Sea como fuere, ante tamaños desafueros no podemos dedicarnos sólo a diagnosticar los síntomas. Tenemos que intentar atacar la causa de la enfermedad.

Sin embargo, en esa batalla, la mayéutica socrática que Platón nos descubrió en sus Diálogos –dar a luz conocimientos que guardamos inconscientemente–, tampoco nos aportará nada. En la mayoría de los casos no se trata de lapsus. Sencillamente se ha producido un deterioro en el lenguaje que emplean los nuevos profesionales del periodismo, porque su formación se ha ido degradando. Son como mecánicos que no conocen las piezas de los coches; como médicos que no dominan la anatomía humana; como arquitectos que ignoran qué materiales pueden prescribir en sus proyectos... pero con la responsabilidad sobreañadida de divulgar contenidos y, a la vez, idioma.

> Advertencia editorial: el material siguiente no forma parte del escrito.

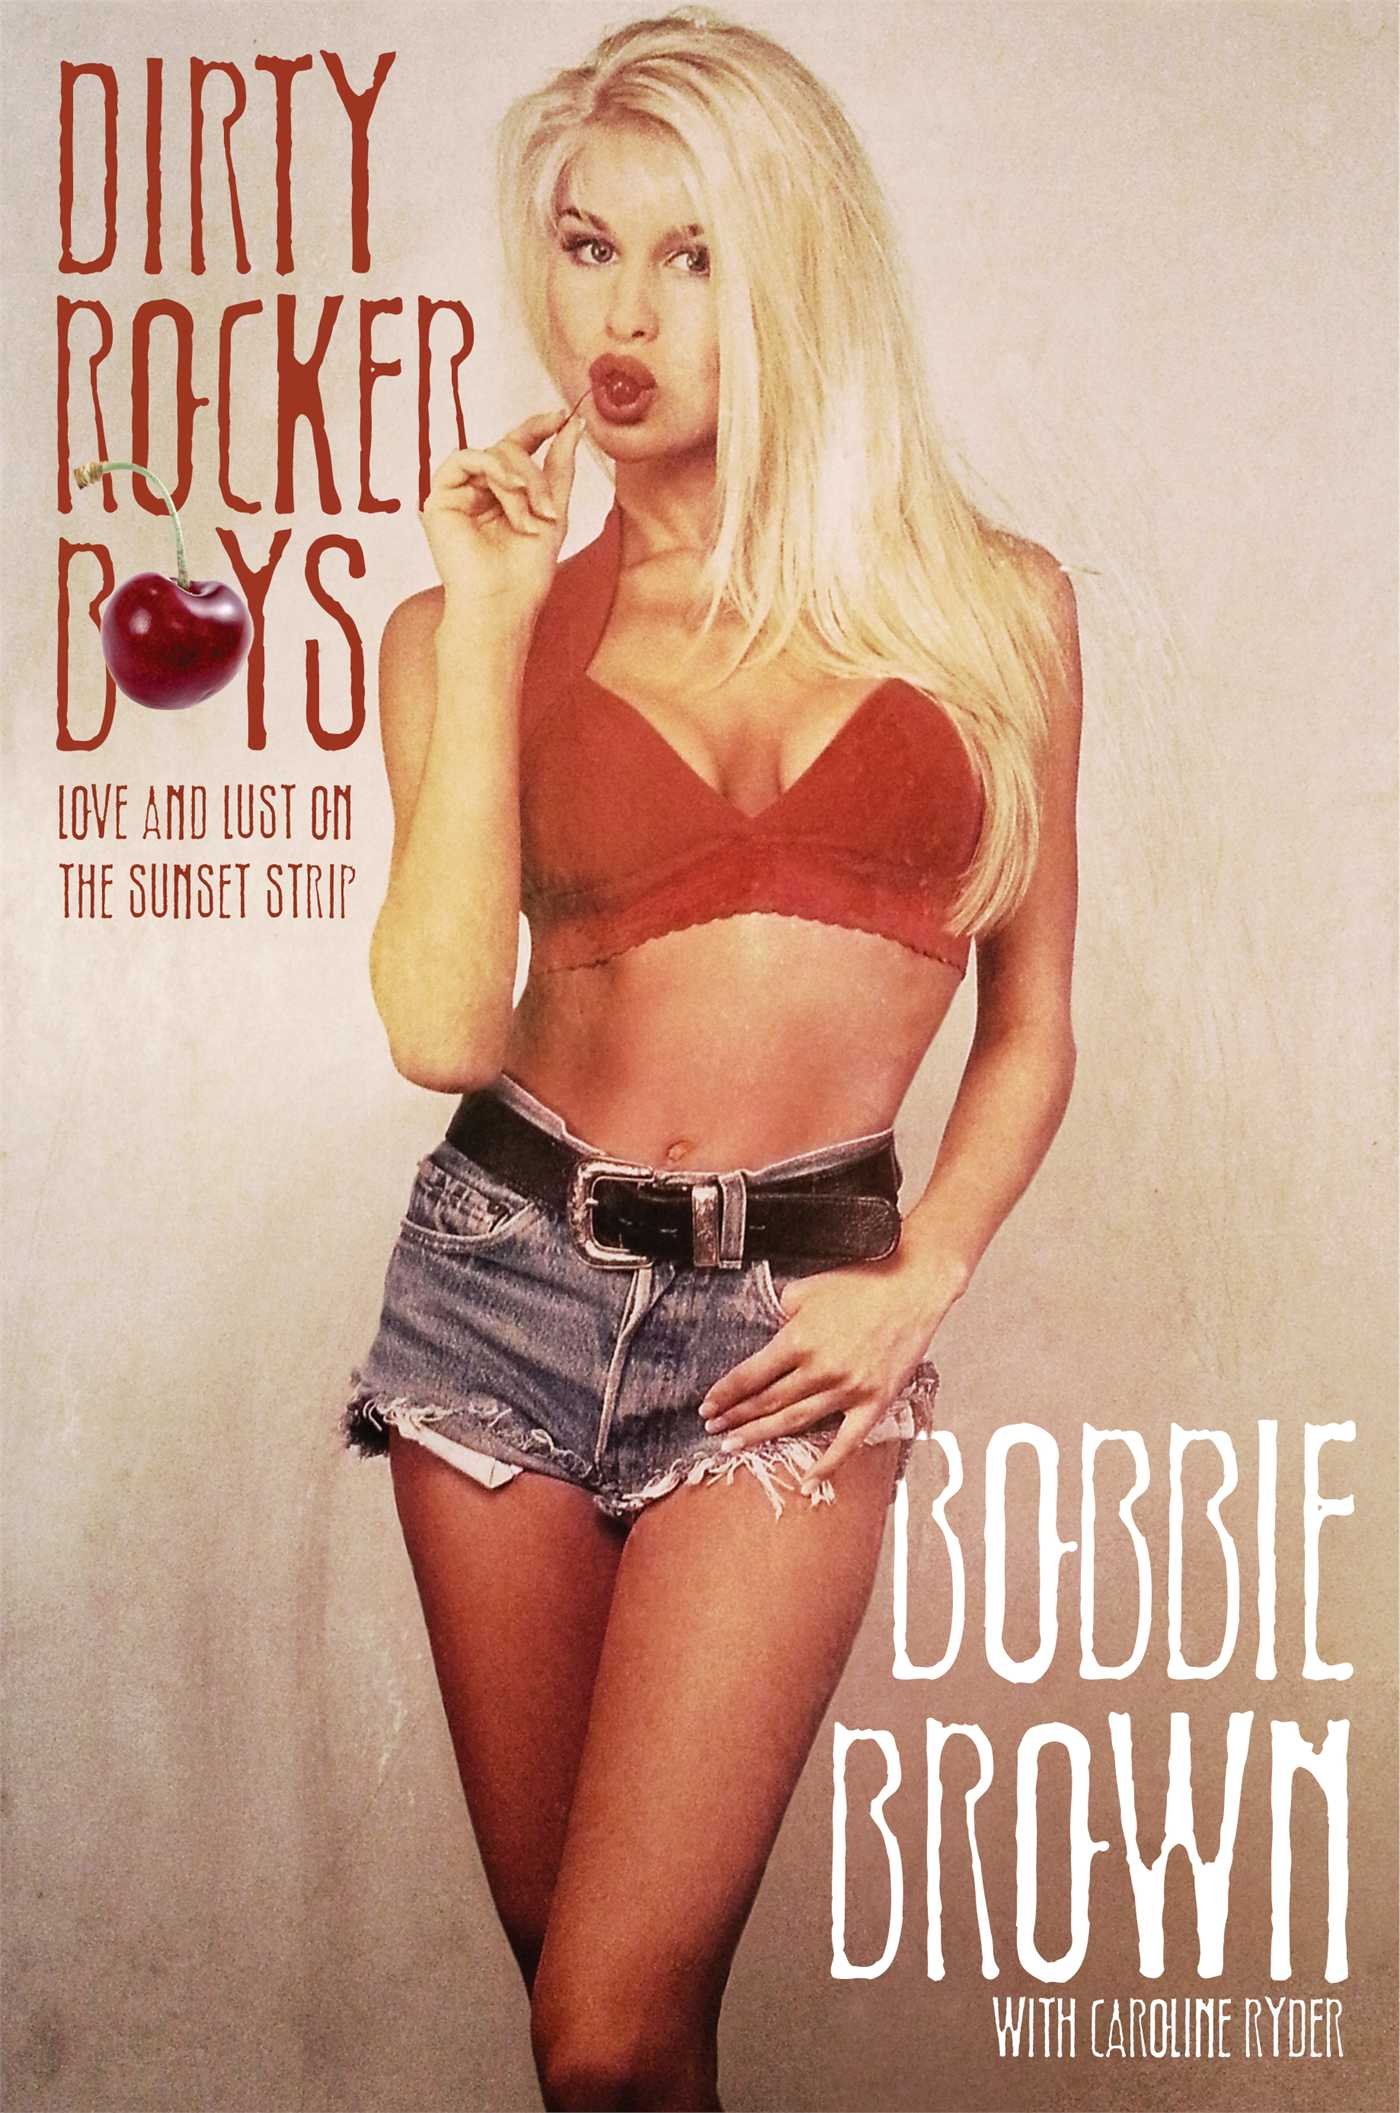 Backstage Pass #22 w/ Bobbie Brown - "Dirty Rocker Boys"
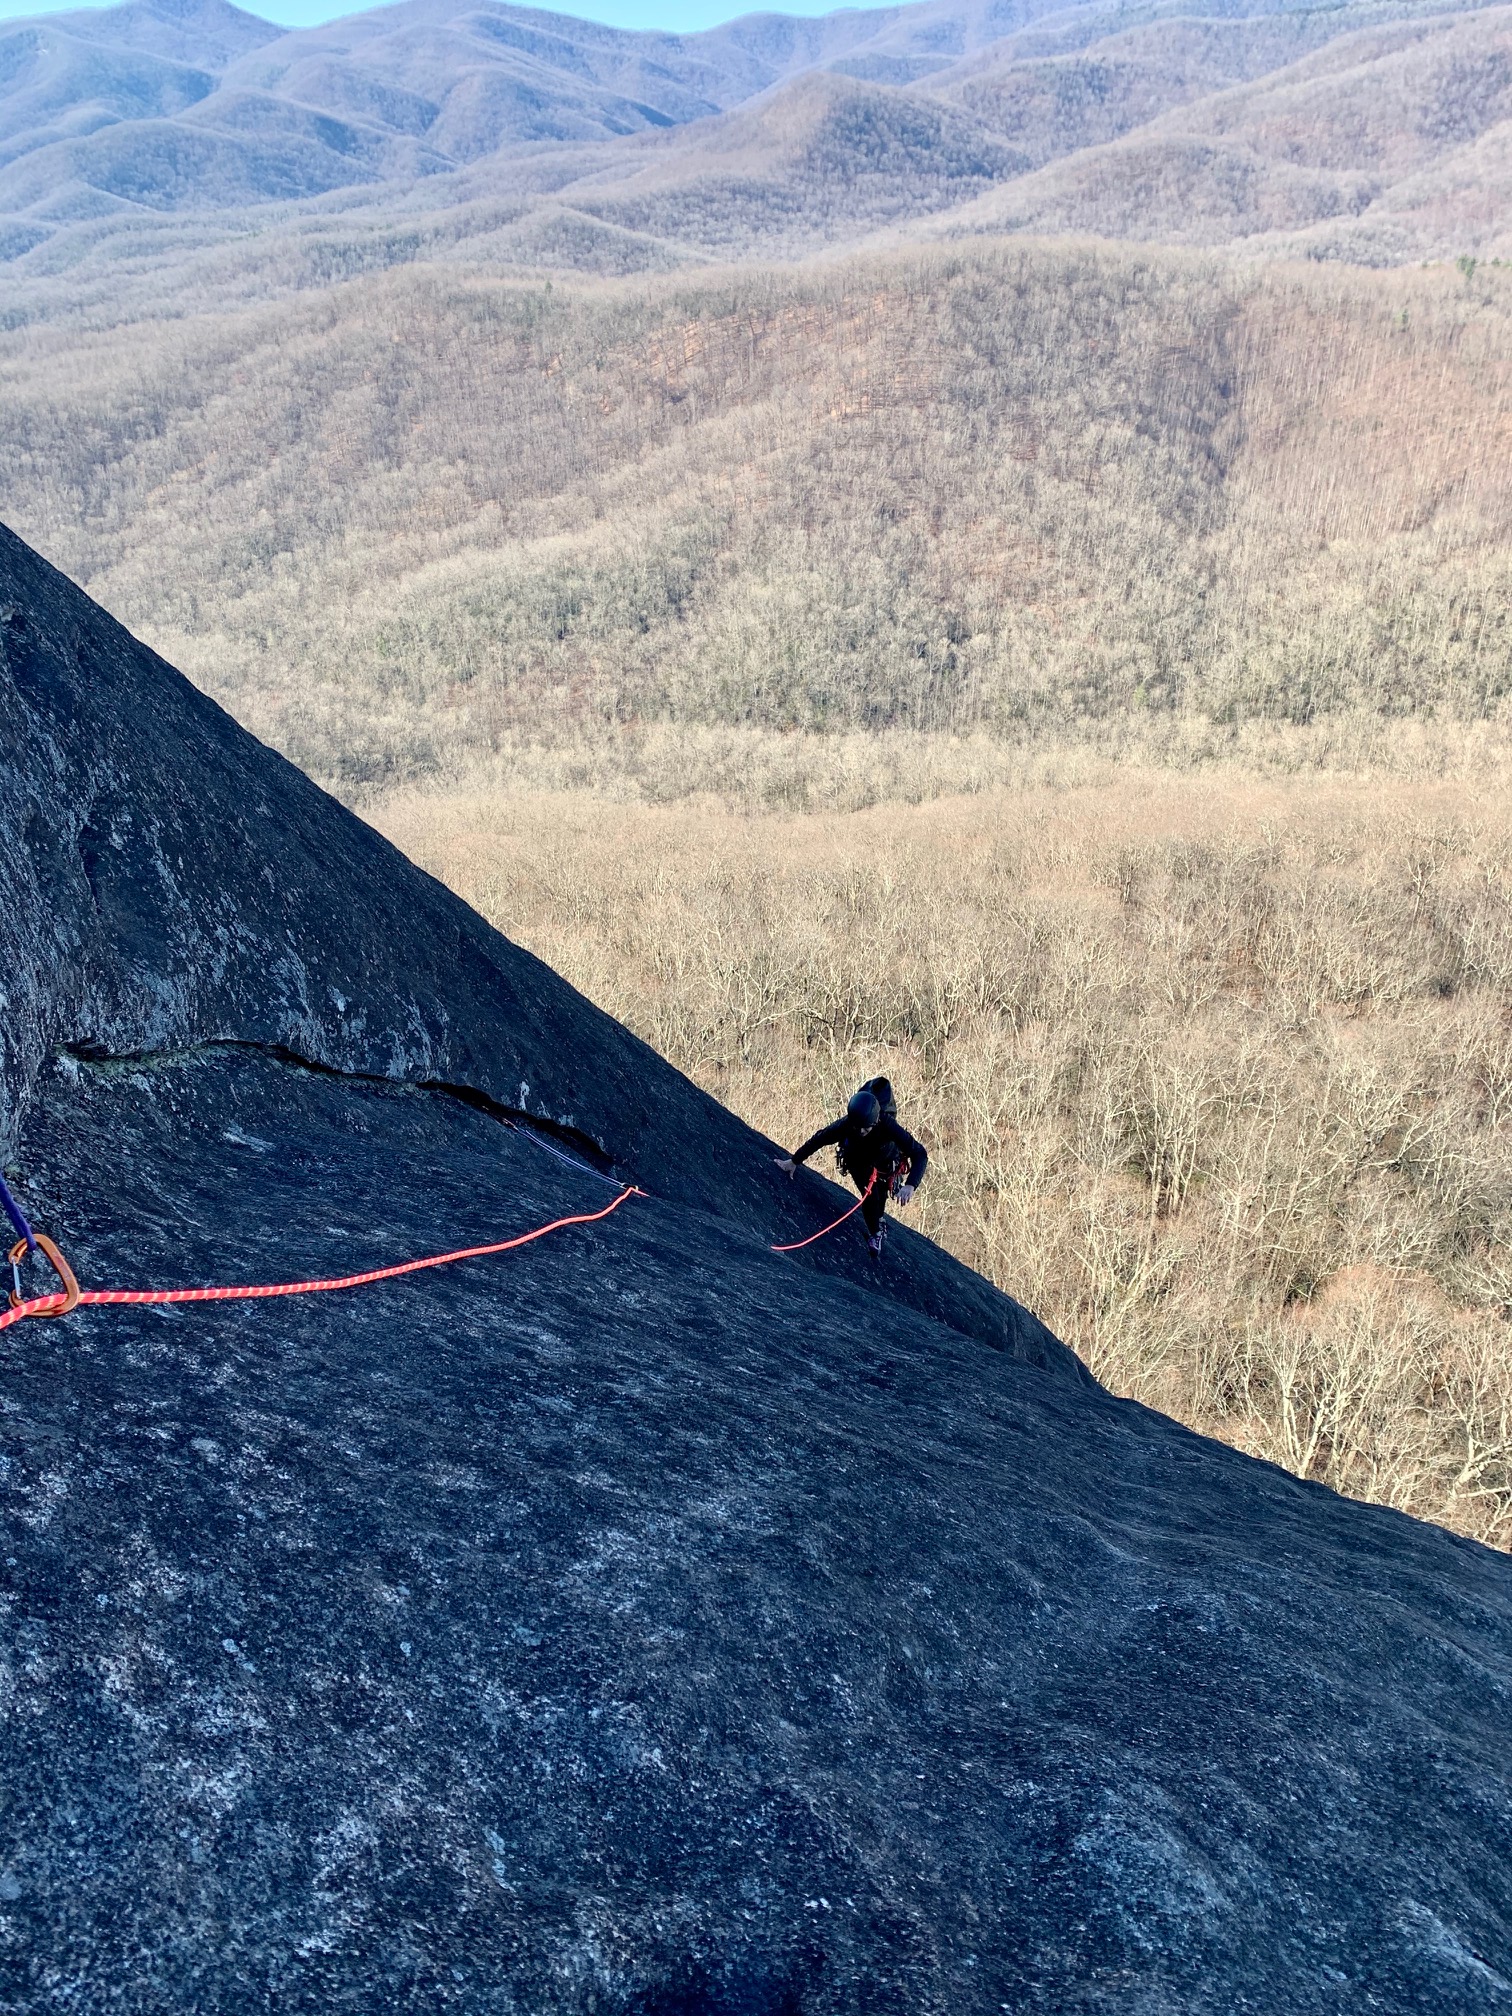 Rock Climbing North Carolina

Estas líneas son una luz de alarma que se enciende en las facultades de Ciencias de la Comunicación, en los colegios e institutos, en la RAE y en los despachos de los responsables de las compañías informáticas y de las redes sociales. Es preciso volver a lo sencillo, al sujeto-verbo-predicado. Transmitir a los niños el amor por la lengua. Ceñirse a la norma culta en los correctores telemáticos. Y que la Academia no se deje llevar únicamente por los cantos de sirena de lo popular o de uso frecuente a la hora engrosar nuestro diccionario.